Commit 9dd0b39
authored
fix: optimize sandbox cleaning performance (#796)
* fix: optimize sandbox cleaning query performance
Split the single OR-based deletion query into two targeted queries:
1. Assigned but orphaned sandboxes — fast with Location key + NOT EXISTS
(~4.7s on prod vs 140s before)
2. Unassigned sandboxes older than 15 days — benefits from new
idx_assigned_lastaccesstime composite index
Additional changes:
- Add composite index on (Assigned, LastAccessTime) for the unassigned
query
- Fetch distinct SEName values upfront to enable the Location unique key
- Replace non-sargable days_since(LastAccessTime) with a pre-computed
threshold (LastAccessTime < NOW() - 15 days)
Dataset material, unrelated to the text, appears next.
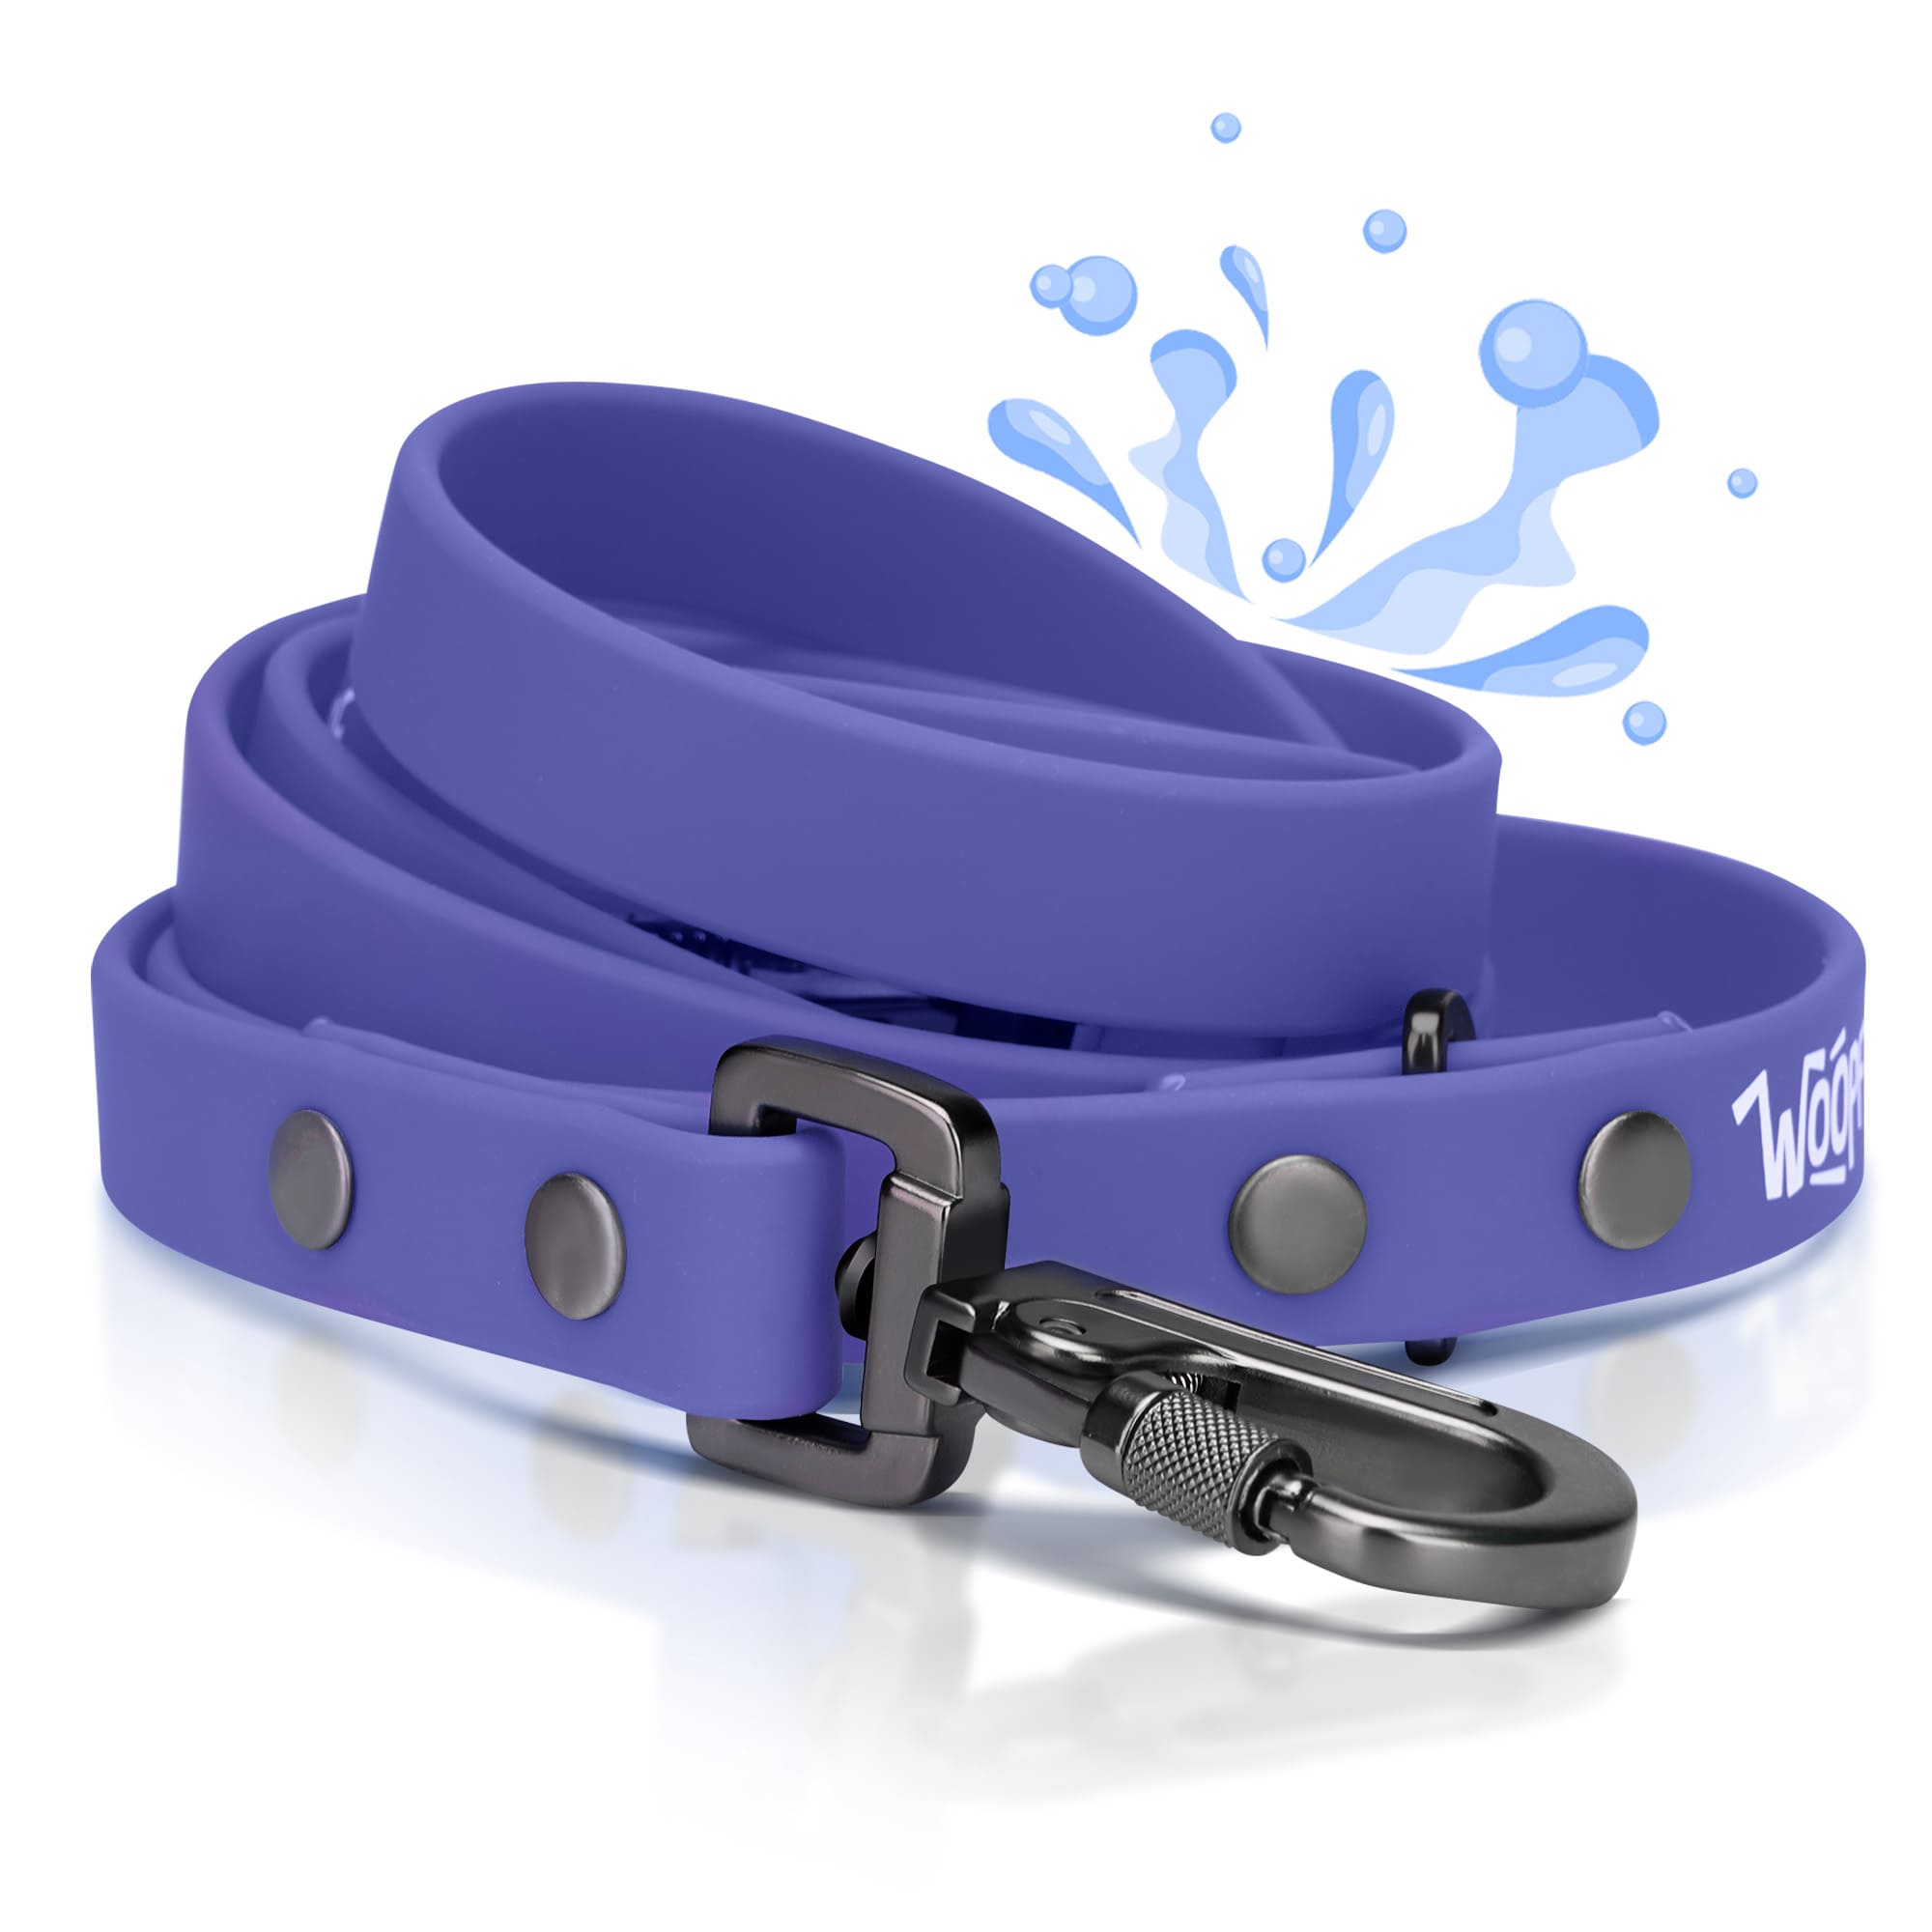 Lightweight Biothane Reflective Waterproof Dog Collar

- Increase default batch_size from 500 to 5000
- Chunk S3 bulk deletes into groups of 1000 (S3 API limit)
* fix: split workers across both deletion query types
Half the workers prefer orphaned sandboxes first, half prefer
unassigned first. This ensures both query types make progress
concurrently instead of one starving the other.
* fix: use cursor-based pagination for sandbox deletion queries
Track the last SBId seen per worker and add SBId > cursor to each
query. This avoids re-scanning millions of already-checked rows on
every batch, turning O(total_rows) scans into O(batch_size) seeks.
* fix: simplify to single worker with parallel S3 deletions
Replace multi-worker approach with a single sequential query loop
and larger batches (50k). S3 delete chunks are now sent concurrently
via TaskGroup. This eliminates lock contention between workers while
keeping S3 throughput high.
* fix: separate row selection from locking to avoid mass locking
Split the SELECT FOR UPDATE into two steps:
1. SELECT without locking to find candidate SBIds (scans many rows)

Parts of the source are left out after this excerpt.